__Exercise directions__. In the material below, find all lines with the string "Banque" and copy them.

__Source data__.

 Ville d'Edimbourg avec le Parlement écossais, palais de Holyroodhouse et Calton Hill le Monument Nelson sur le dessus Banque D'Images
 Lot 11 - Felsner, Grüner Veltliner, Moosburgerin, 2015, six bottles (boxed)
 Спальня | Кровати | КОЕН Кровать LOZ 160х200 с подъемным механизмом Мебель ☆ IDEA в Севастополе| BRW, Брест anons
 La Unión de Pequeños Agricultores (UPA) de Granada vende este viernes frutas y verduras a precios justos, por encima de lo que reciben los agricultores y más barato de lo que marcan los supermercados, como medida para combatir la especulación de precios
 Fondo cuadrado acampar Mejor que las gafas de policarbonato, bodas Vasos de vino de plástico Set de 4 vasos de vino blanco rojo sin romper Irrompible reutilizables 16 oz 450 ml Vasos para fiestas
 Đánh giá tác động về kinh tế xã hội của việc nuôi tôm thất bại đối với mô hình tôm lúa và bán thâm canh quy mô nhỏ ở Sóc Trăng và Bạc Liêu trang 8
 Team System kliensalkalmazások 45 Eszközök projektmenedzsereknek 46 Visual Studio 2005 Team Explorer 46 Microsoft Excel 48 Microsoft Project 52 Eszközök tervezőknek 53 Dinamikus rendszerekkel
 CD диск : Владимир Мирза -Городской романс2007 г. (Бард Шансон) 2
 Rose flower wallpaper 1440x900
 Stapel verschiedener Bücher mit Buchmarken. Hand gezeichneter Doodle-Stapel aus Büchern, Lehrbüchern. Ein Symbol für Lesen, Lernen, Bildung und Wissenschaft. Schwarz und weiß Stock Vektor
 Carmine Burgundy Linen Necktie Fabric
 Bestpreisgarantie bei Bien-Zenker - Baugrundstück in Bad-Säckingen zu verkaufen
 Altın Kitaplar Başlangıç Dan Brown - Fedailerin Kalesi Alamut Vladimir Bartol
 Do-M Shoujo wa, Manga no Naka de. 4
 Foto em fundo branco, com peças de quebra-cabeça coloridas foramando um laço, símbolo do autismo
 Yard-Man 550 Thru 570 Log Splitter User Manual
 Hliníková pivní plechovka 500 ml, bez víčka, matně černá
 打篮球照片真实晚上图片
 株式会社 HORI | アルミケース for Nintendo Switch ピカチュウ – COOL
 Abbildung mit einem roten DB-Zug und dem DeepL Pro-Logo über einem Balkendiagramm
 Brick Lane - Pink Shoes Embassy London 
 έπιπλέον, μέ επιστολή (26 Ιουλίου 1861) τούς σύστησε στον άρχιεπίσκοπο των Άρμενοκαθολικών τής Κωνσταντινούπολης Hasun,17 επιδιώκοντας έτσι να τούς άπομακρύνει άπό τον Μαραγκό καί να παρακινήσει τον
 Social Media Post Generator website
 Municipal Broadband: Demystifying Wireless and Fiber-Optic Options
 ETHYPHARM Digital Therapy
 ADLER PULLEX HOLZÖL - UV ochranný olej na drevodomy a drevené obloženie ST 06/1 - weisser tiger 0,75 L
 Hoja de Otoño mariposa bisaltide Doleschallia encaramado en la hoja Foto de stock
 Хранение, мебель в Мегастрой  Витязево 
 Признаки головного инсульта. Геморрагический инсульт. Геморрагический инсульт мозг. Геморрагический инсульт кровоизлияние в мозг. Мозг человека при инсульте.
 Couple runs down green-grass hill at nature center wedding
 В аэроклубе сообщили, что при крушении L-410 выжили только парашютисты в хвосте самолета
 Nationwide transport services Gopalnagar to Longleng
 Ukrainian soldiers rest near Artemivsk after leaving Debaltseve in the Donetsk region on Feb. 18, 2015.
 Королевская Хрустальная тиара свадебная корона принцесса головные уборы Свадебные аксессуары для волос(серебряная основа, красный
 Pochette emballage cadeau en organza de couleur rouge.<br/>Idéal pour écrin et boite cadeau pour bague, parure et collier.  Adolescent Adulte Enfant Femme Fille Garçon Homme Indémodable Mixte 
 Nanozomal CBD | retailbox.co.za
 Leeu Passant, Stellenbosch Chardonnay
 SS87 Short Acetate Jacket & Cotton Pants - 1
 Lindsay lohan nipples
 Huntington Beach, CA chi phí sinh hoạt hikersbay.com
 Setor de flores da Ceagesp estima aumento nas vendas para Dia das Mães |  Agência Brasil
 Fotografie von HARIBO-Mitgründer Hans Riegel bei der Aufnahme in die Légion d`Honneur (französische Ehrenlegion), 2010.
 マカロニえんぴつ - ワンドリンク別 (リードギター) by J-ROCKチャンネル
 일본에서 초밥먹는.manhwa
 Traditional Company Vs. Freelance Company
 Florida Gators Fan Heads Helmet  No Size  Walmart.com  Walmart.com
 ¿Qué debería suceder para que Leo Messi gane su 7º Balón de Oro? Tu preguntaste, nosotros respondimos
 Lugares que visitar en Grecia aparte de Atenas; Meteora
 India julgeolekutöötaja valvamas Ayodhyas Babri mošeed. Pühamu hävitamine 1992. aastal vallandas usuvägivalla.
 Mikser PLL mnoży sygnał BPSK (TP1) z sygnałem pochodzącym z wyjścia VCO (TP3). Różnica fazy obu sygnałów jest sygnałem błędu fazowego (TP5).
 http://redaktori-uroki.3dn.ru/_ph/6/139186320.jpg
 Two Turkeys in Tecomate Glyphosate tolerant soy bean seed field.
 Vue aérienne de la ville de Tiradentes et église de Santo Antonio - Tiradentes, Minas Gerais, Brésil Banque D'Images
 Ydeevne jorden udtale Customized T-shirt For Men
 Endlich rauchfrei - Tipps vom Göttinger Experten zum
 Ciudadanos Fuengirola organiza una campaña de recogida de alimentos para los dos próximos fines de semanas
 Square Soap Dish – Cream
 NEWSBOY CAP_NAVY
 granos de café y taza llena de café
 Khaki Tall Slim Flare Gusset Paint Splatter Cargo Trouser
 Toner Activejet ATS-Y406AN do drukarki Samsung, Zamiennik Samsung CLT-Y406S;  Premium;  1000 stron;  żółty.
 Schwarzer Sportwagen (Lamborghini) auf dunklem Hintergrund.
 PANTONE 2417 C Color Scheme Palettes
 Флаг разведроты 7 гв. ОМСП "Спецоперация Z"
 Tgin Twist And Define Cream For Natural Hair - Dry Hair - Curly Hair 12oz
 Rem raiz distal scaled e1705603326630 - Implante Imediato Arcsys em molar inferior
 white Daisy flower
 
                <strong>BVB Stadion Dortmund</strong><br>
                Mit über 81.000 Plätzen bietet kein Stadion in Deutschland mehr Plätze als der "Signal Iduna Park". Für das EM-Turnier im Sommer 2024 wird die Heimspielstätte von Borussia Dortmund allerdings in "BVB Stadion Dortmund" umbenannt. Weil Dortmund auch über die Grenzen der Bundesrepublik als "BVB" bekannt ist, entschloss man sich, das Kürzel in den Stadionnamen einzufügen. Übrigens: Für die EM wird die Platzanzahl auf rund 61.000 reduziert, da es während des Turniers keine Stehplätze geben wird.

__Completed exercise__.
 Ville d'Edimbourg avec le Parlement écossais, palais de Holyroodhouse et Calton Hill le Monument Nelson sur le dessus Banque D'Images
 Vue aérienne de la ville de Tiradentes et église de Santo Antonio - Tiradentes, Minas Gerais, Brésil Banque D'Images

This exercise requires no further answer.